We heard from a Sudanese pastor who was incarcerated for two years for preaching Christianity. He was starved and beaten.

Peter Bhatti shared the story of his brother Shahbaz, Islamabad’s Minister for Minorities, who was assassinated in Pakistan for his Christian faith.

Human Rights lawyer Razia Sultana spoke about the ethnic cleansing of the Rohingya community in Burma, where rape is used as a weapon, and basic rights are denied. More than 700 000 civilians have been displaced in this crisis.

We were heartbroken by the testimony of a young, female refugee from North Korea, who spoke of forced abortion, torture, and solitary confinement.

At the close of the event, the Dalai Lama left us with a powerful message on the importance of respect for all religions.

I returned to South Africa humbled and sobered by the stories that I heard, and shocked at the ongoing persecution and deprivation of religious rights around the world. I felt grateful for Section 15 of our Constitution, which affirms our rights to freedom of religion in our country.
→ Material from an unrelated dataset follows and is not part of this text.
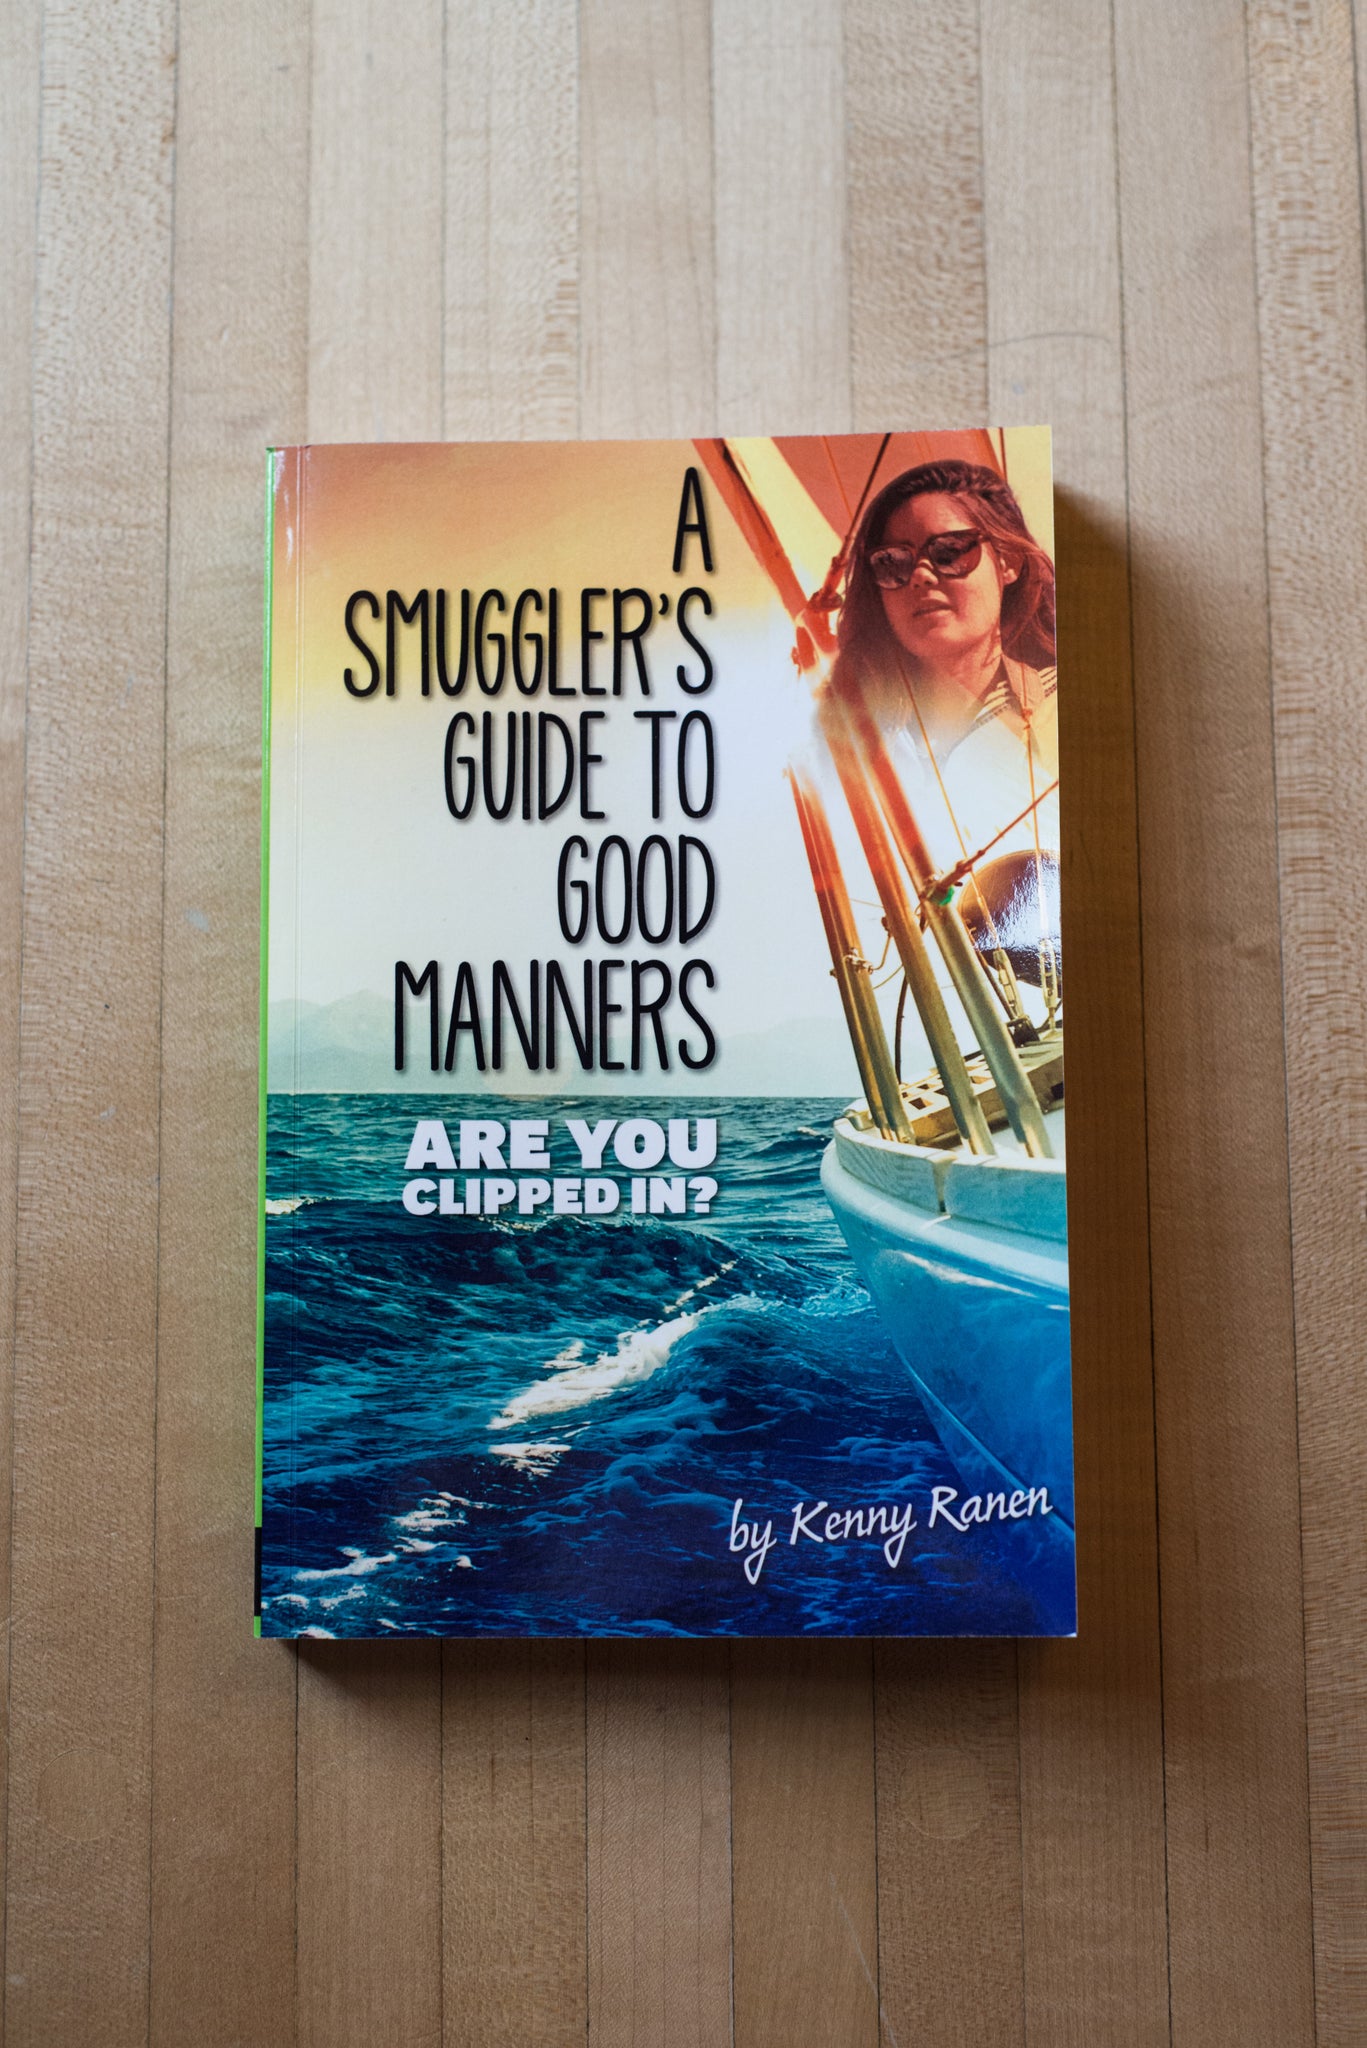 Aldea Coffee Favorite Books - Smuggler's Guide To Good Manners - Kenny Ranen

While we are privileged to live in a country that embraces diversity and religious freedom, we must continue to protect and fight for these values. Hate-filled rhetoric must be rejected and condemned, irrespective of the community it is targeted at. Any attempt to infringe on religious freedom, including attempts to sever ties with our biblical/religious/historical homeland, Israel, must be exposed and rejected with contempt.

I was touched by the words of one of the participants at the ministerial who said, “My faith is Christianity, but my religion is humanity.” After listening to so much anguish and horror, it was a moving and poignant message for so many around the world.

  • Wendy Kahn is the National Director of the South African Jewish Board of Deputies.